Electromagnetic Biology and Medicine
- Discipline: Bioelectromagnetics
- Language: English
- Edited by: Joseph R. Salvatore

Publication details
- Former names: Journal of Bioelectricity (1982—1992); Electro- and Magnetobiology (1992—2002);
- History: 1982—present
- Publisher: Taylor & Francis
- Frequency: Quarterly
- Impact factor: 1.5 (2024)

Standard abbreviations
- ISO 4: Electromagn. Biol. Med.

Indexing
- CODEN: EBMLCC
- ISSN: 1536-8378 (print) 1536-8386 (web)

Links
- Journal homepage; Online access; Online archive;

= Electromagnetic Biology and Medicine =

Scientific journal

Electromagnetic Biology and Medicine is a peer-reviewed scientific journal published quarterly by Taylor & Francis.
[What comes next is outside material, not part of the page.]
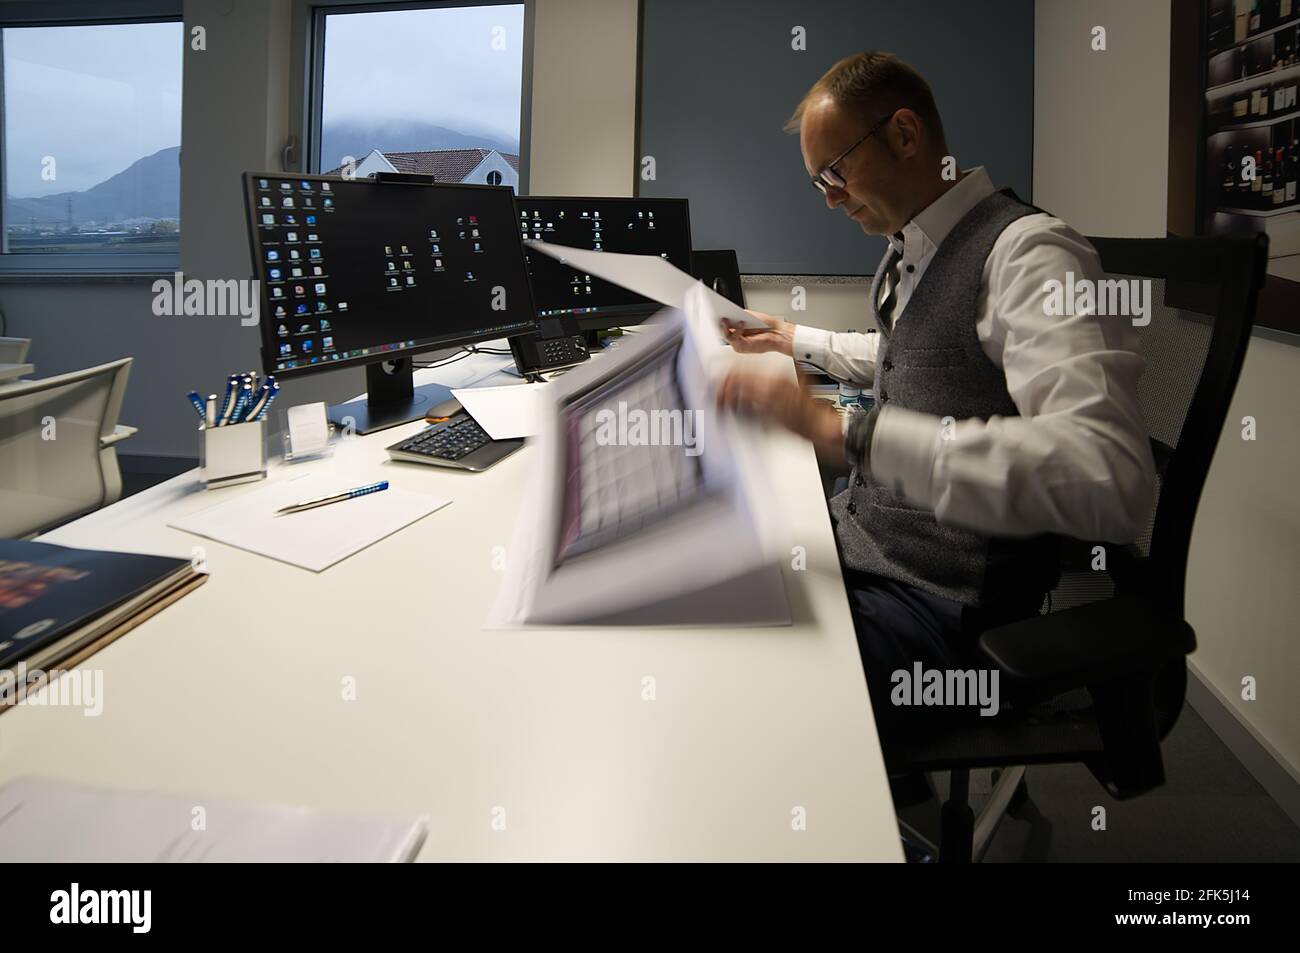 A manager - Caucasian male in his office sitting behind the desk looking at the files. Stock Photo

It covers research on the biological and medical effects and applications of non-ionizing electromagnetic fields ranging from statics to 300 GHz. Established in 1982 under the name Journal of Bioelectricity, the journal was known as Electro- and Magnetobiology from 1992 to 2002, before being titled to Electromagnetic Biology and Medicine. Its current editor-in-chief is Joseph R. Salvatore (VA Medical Center).

==Abstracting and indexing==
The journal is abstracted and indexed in:
- Biological Abstracts
- BIOSIS Previews
- EBSCO databases
- Ei Compendex
- MEDLINE
- Science Citation Index Expanded
- Scopus

According to the Journal Citation Reports, the journal has a 2024 impact factor of 1.5.